- [DATA BLOCK]:
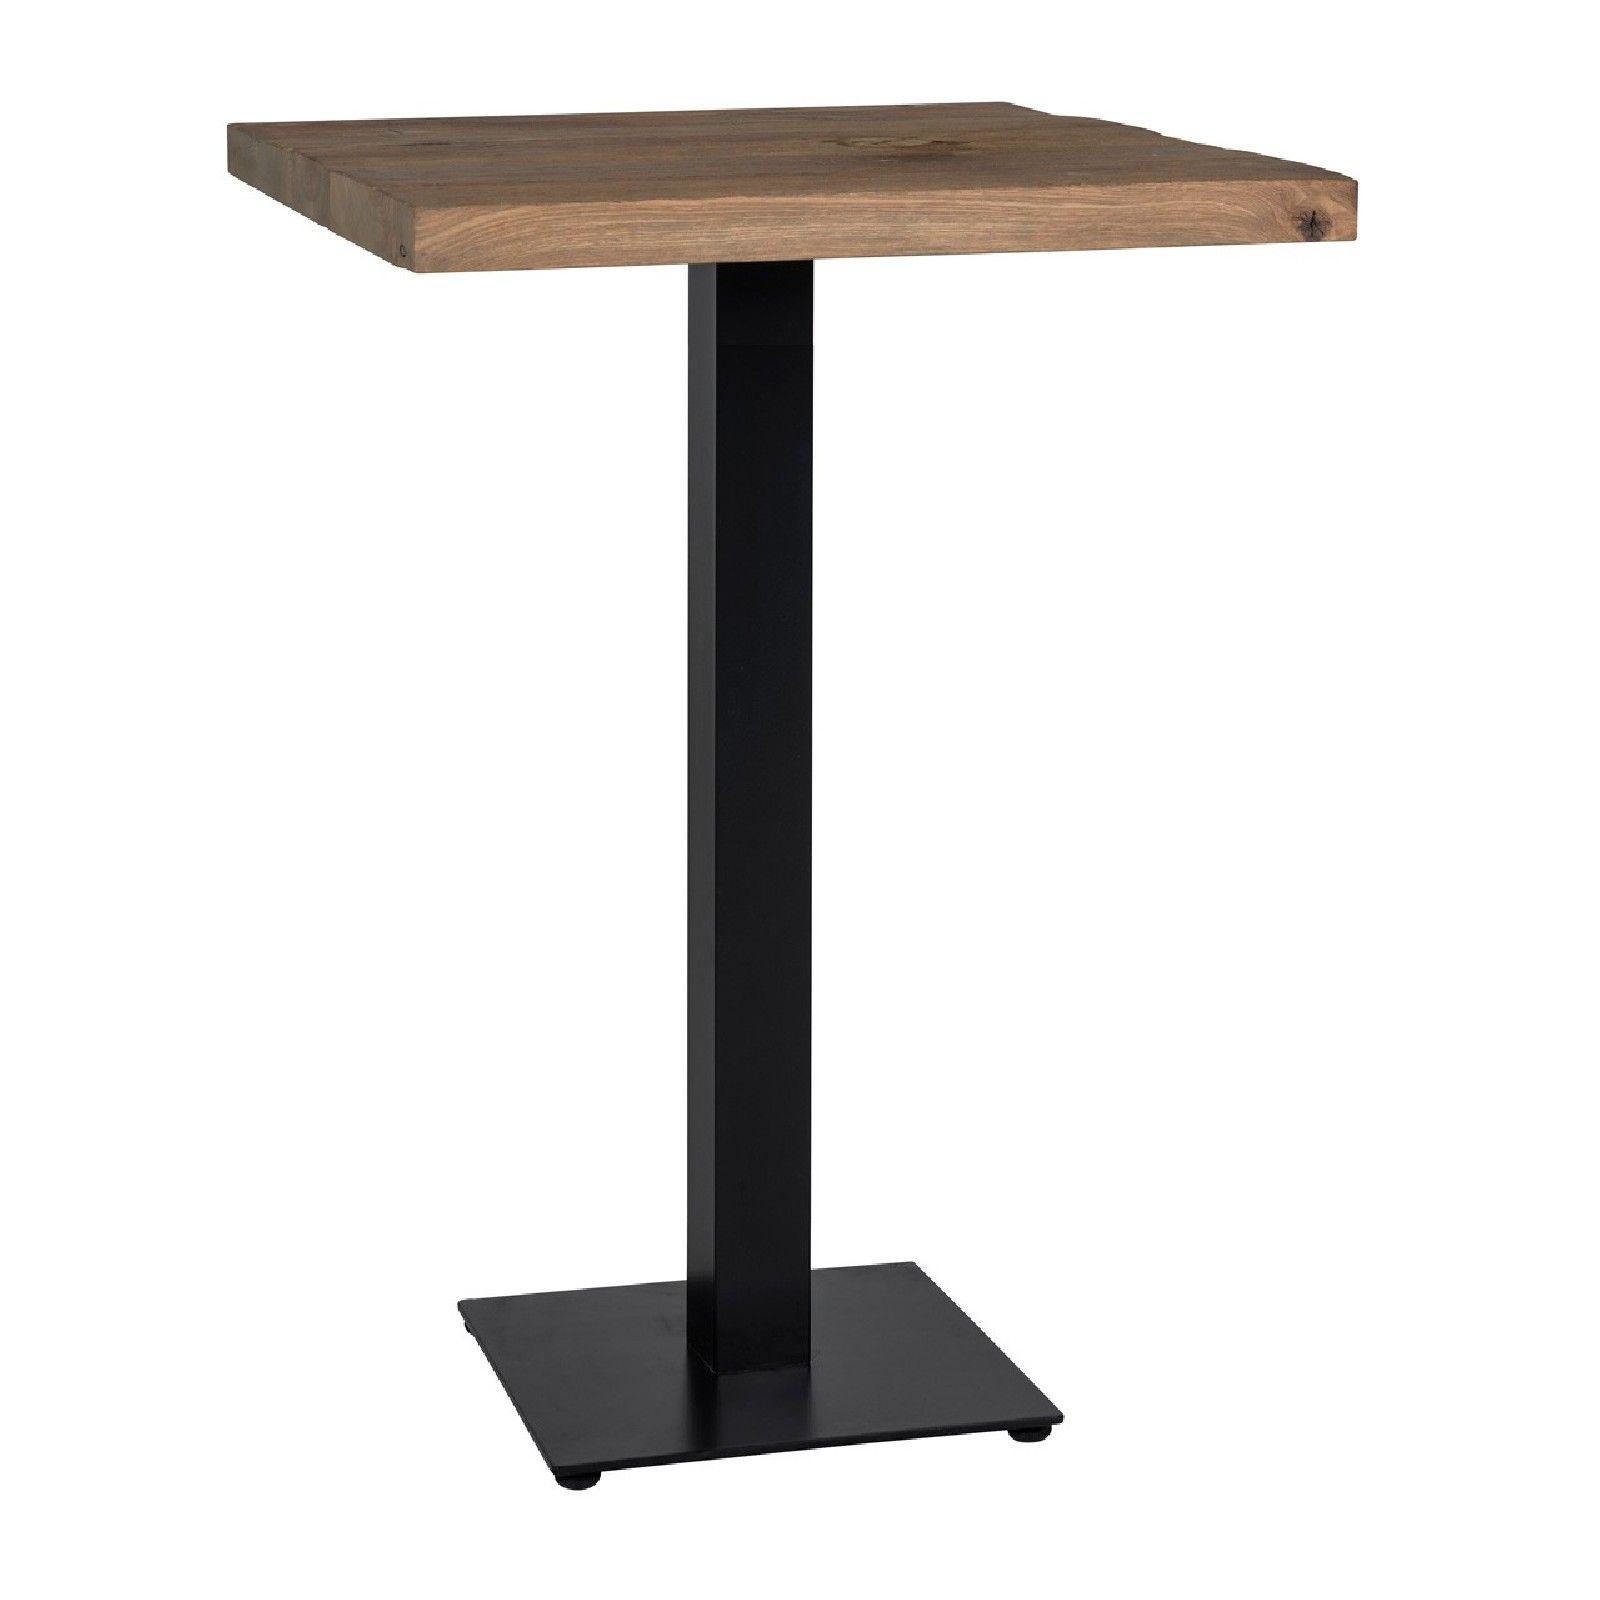 Table bistrot Gastronomy 80x80, un pied square Meuble Déco Tendance - 14
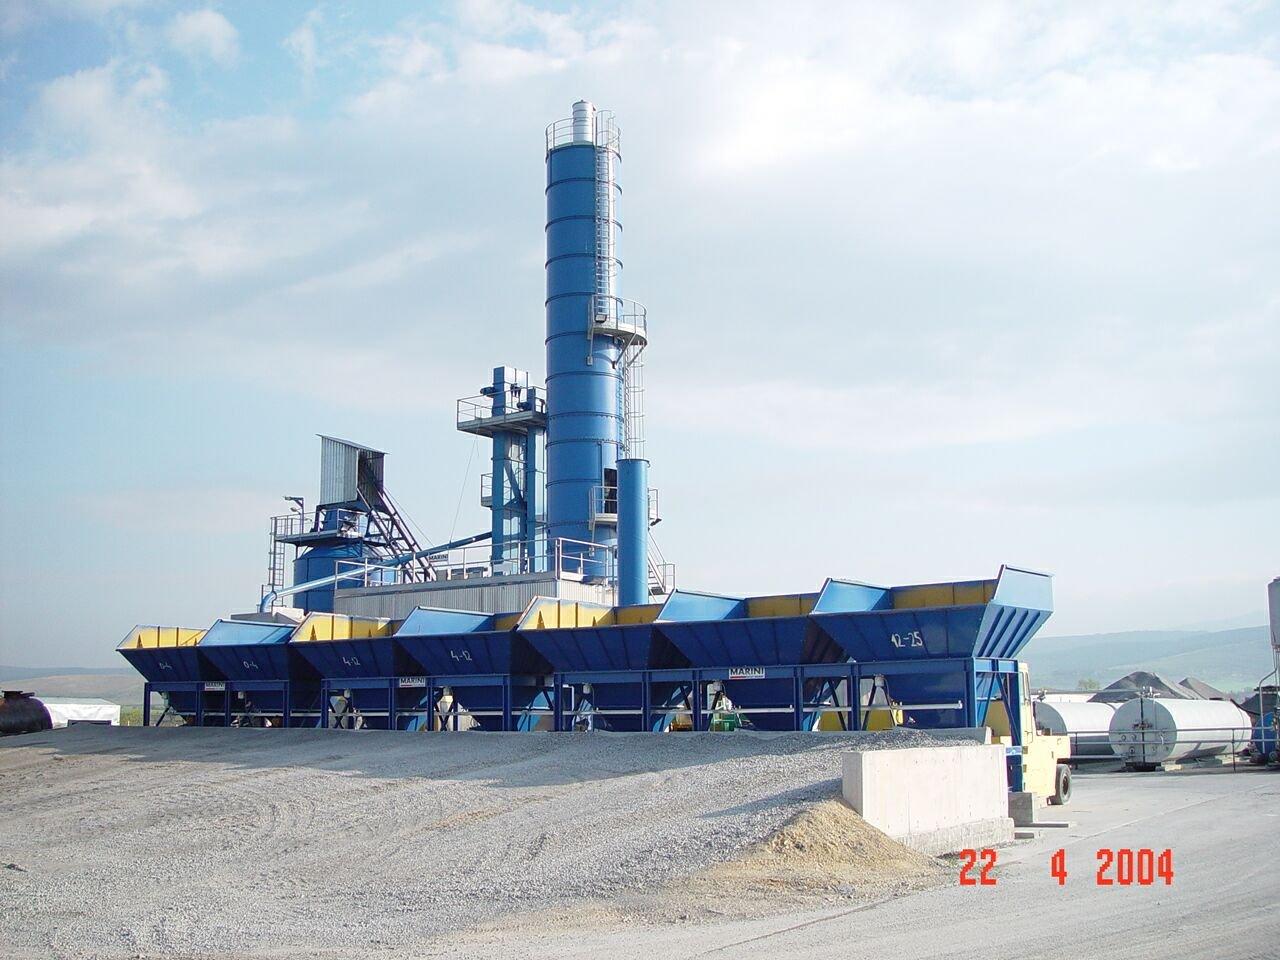 Marini Asphalt Factory Asphalt Plant Marini
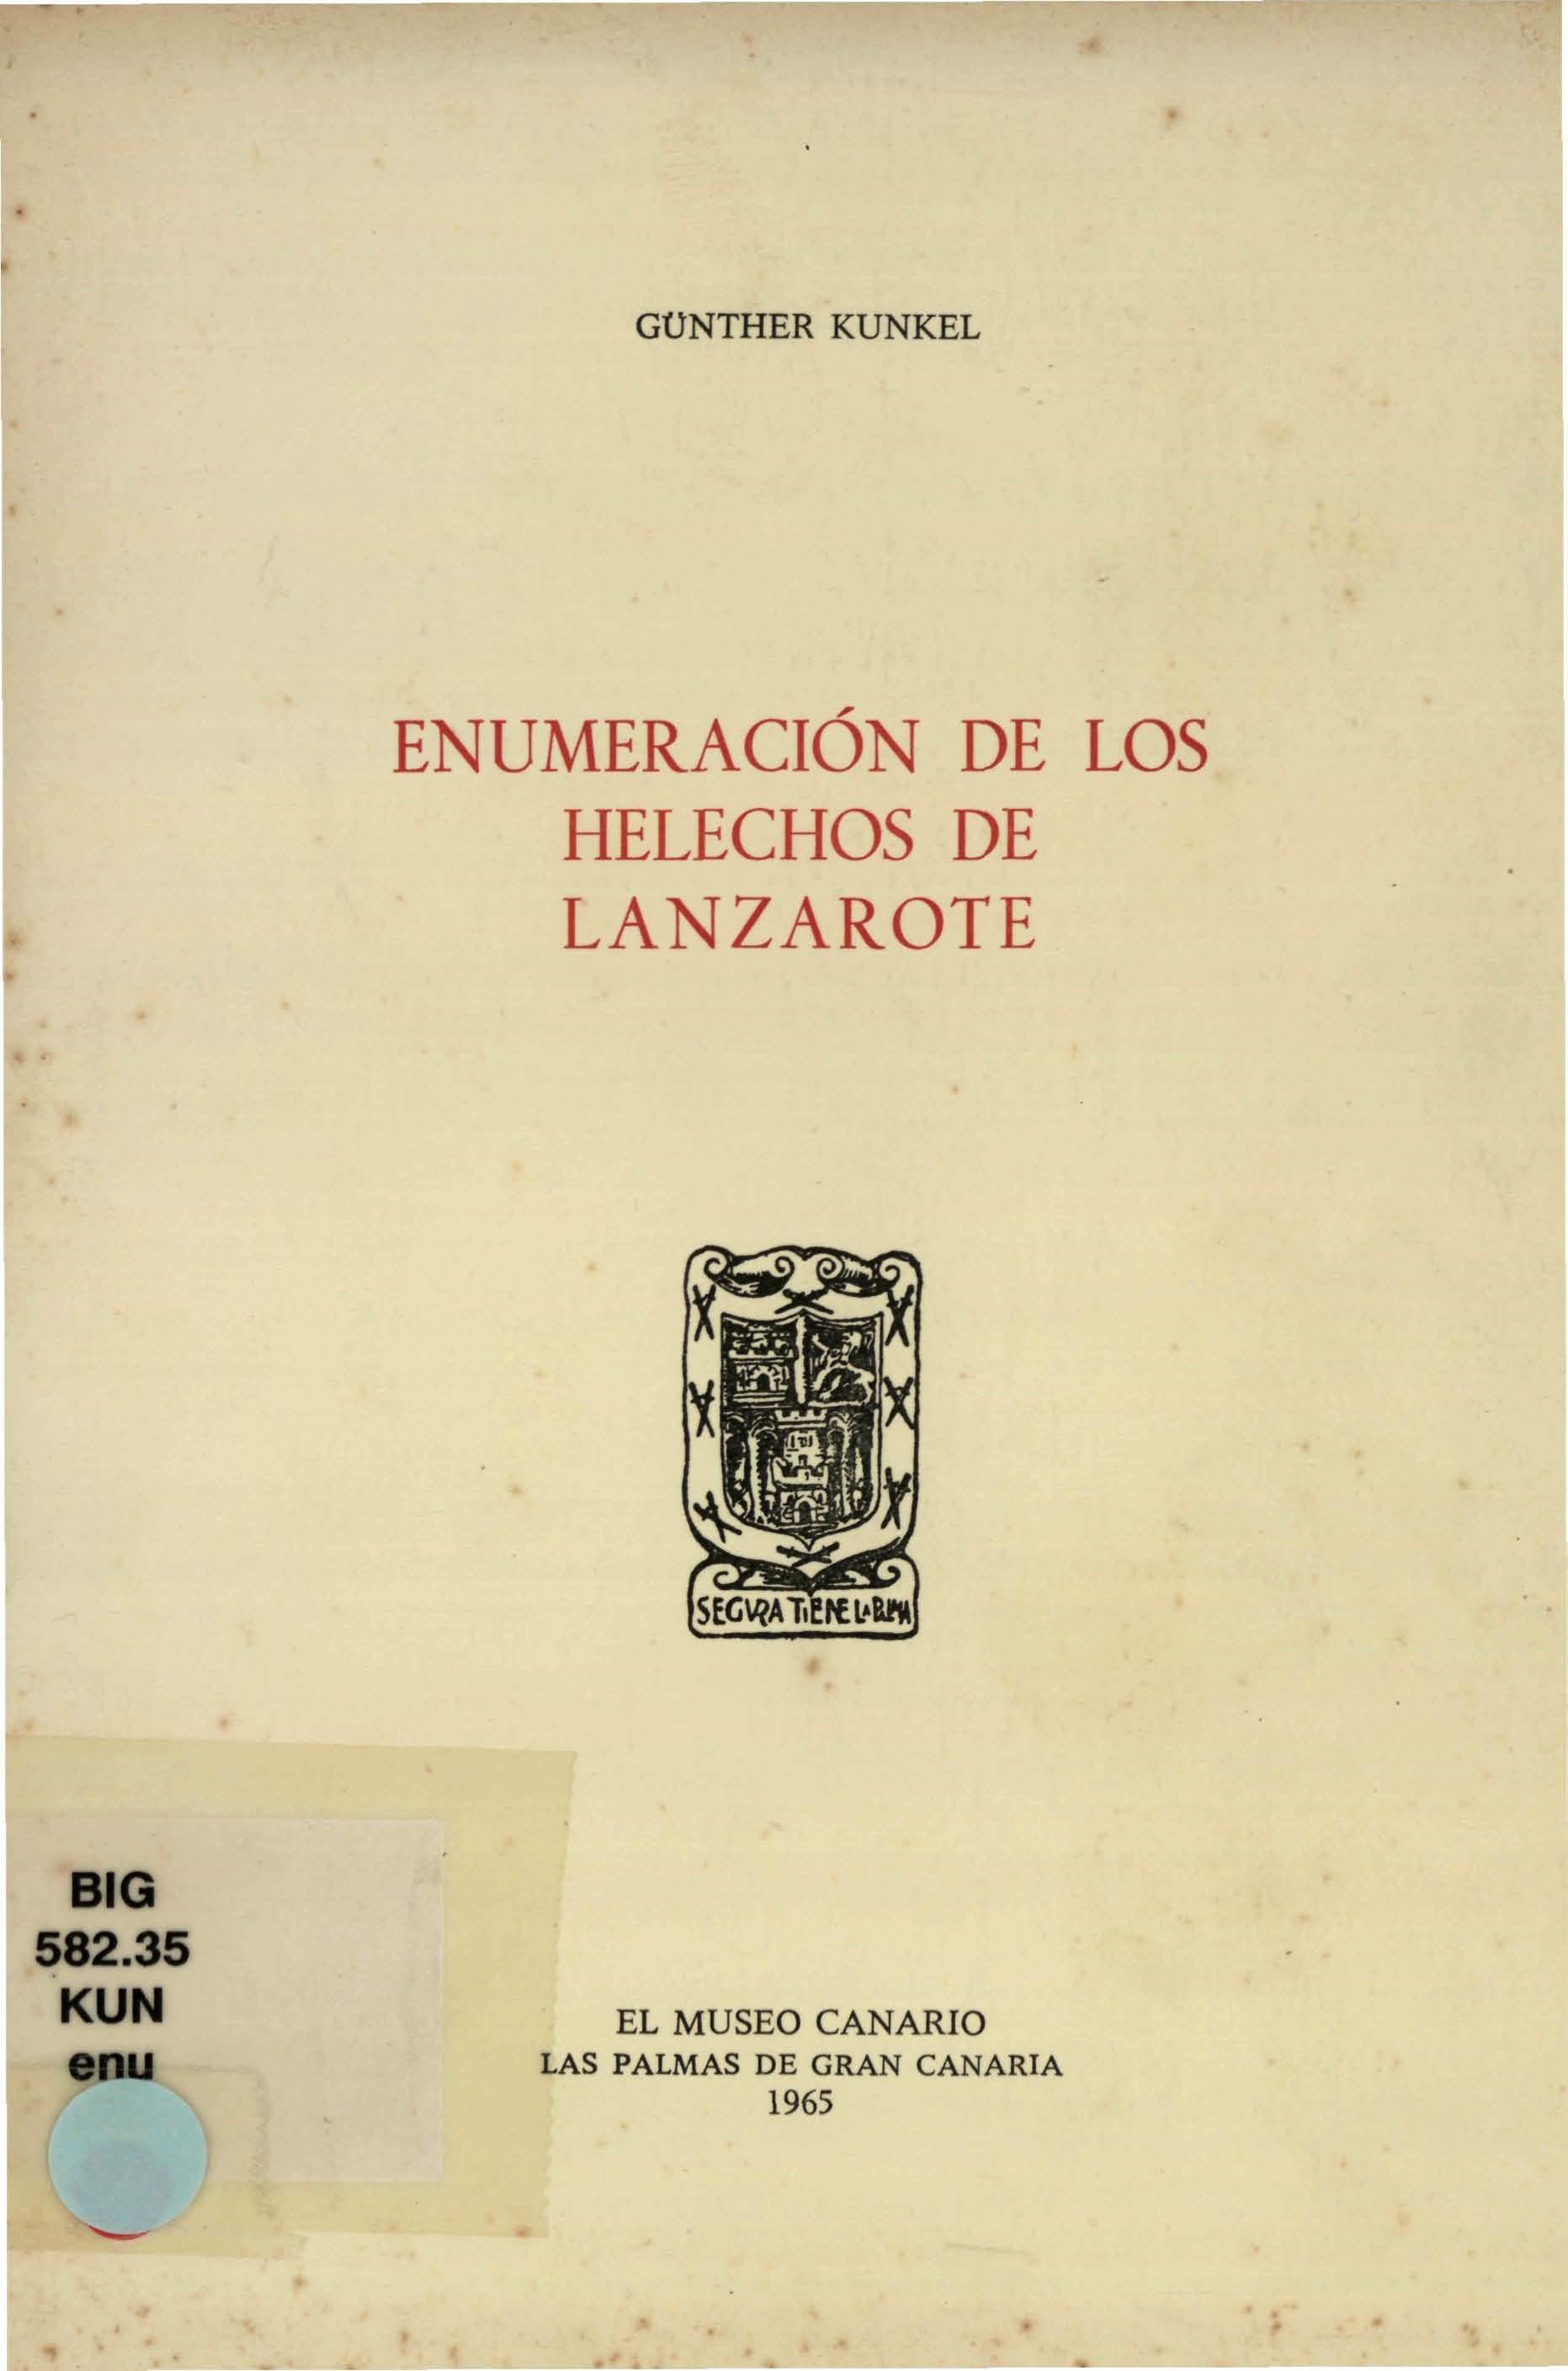 Enumeración de los helechos de Lanzarote

- [ASSIGNMENT]: Keep the pictures out while you retype all of the data above exactly as it appears.

- [COMPLETED EXERCISE]:
 Table bistrot Gastronomy 80x80, un pied square Meuble Déco Tendance - 14
 Marini Asphalt Factory Asphalt Plant Marini
 Enumeración de los helechos de Lanzarote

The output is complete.